A basic question on diagonalizability of a matrix

Question

I am following a book where the "diagonalizability" has been introduced as follows:

Consider a basis formed by a linearly independent set of eigen vectors $\{v_1,v_2,\dots,v_n\}$. Then it is claimed that with respect to this basis, the matrix $A$ is diagonal.

I am confused at the word "basis" here. In some other books it is said that a matrix $A$ is called diagonalizable if there exists matrix $P$ such that $P^{-1}AP$ is a diagonal matrix.

I don't think that diagonalizability has anything to do with basis. It just happened that the set of eigen vectors form a basis of $\Bbb R^n$. Also I don't think having a set of $n$ linearly independent eigen vectors is a necessary condition for a matrix to be diagonalizable.

Answer 1

A complex matrix $A\in\mathbb{C}^{n\times n}$ is diagonalizable iff its eigenvectors form a basis of $\mathbb{C}^n$ (note that even real matrices can have complex eigenvectors). That is there exists a nonsingular matrix $P$ such that $P^{-1}AP=D$, where $D$ is diagonal containing the eigenvalues of $A$ with corresponding eigenvectors being the columns of $P$. Also, $P^{-1}AP=D$ means that $AP=PD$, that is, $A$ acts in the basis formed by columns $P$ as diagonal matrix ($D$).

Some notes:

Not all matrices are diagonalizable. For example nontrivial Jordan blocks: $$ A = \begin{bmatrix} 1 & 1 & & & & \\ & 1 & 1 & & & \\ & & \ddots & \ddots & & \\ & & & 1 & 1 \\ & & & & 1 \end{bmatrix}\in\mathbb{R}^{n\times n} $$ has 1 eigenvalue of multiplicity $n$ but with only one (linearly independent) eigenvector.

A matrix with distinct eigenvalues is diagonalizable.

Answer 2

The two definitions are equivalent: the matrix $A$ is diagonalizable if there's an invertible matrix $P$ such that $$A=PDP^{-1}$$ where $D=\mathrm{diag}(\lambda_1,\cdots,\lambda_n)$ is a diagonal matrix but this means that $P$ is the change of base matrix so there's a basis $\mathcal B=(v_1,\ldots,v_n)$ in which $A$ is diagonal: $Dv_i=\lambda_i v_i$ hence $v_i$ is an eigenvector of $D$ associated to the eigenvalue $\lambda_i$ so $\mathcal B$ is a basis formed by a linearly independent set of eigenvectors.

Answer 3

The matrix of a linear operator $T$ on a basis $B=(b_1,\ldots,b_n)$ is diagonal if and only if the basis vectors $b_1,\ldots,b_n$ are all eigenvectors of$~T$. This is immediate from the definitions eigenvector and a diagonal matrix (just write out what applying $T$ ot $b_i$ does).

A linear operator$~T$ on$~V$ is diagonalisable if on some basis of$~V$ its matrix is diagonal.

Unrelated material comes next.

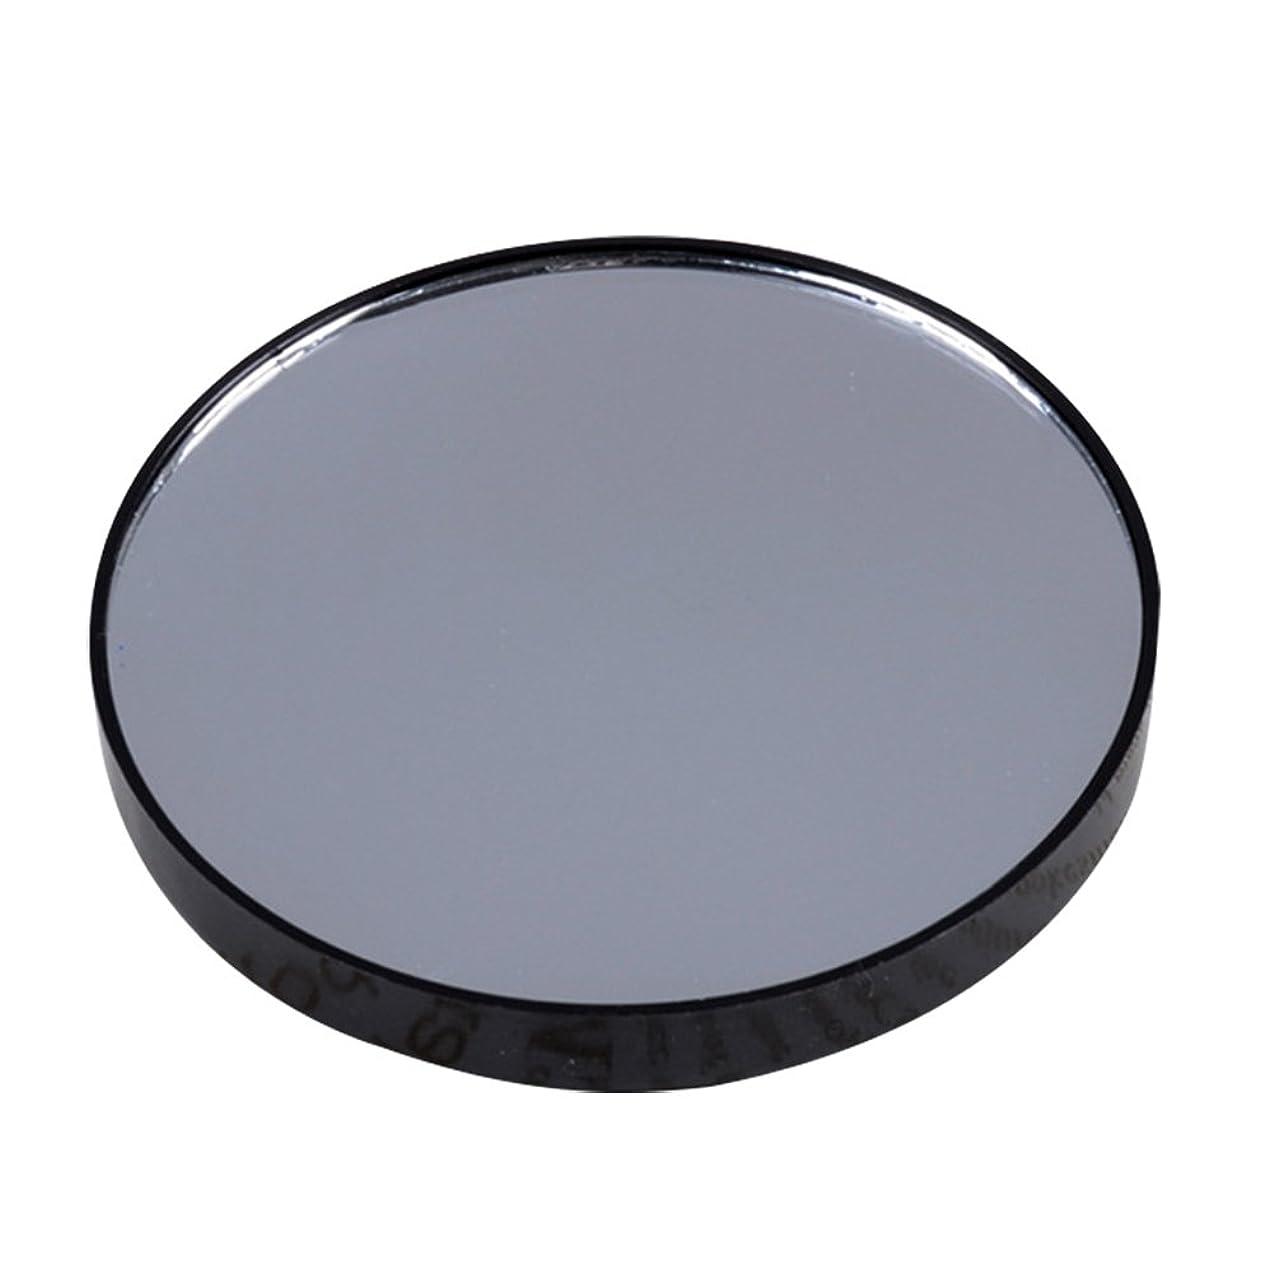 疎外する計器言うYideaHome メイクアップミラー 化粧鏡 拡大鏡 5倍 10倍 15倍 強力吸盤付き メイクミラー 化粧ミラー (10倍)

By the above, that means precisely that there exists a basis of$~V$ consisting of eigenvectors of$~T$, and on such a basis the matrix of$~T$ is diagonal. So unlike what you said in the last paragraph of the question, having $\dim V$ linearly independent eigenvectors is a necessary and sufficient condition for $T$ to be diagonalisable

If the matrix$~A$ of$~T$ is given on some (other) basis, then the condition that $T$ (and hence$~A$) is diagonalisable is that some basis transformation (namely one from the given basis to a basis of eigenvectors) will bring $A$ to diagonal form. A basis transformation is $A\mapsto P^{-1}AP$ for some invertible matrix$~P$ which gives your "other" definition of diagonalisable. It has the drawback of hiding the geometric meaning somewhat, and not being applicable to linear operators without first expressing them on a basis by a matrix.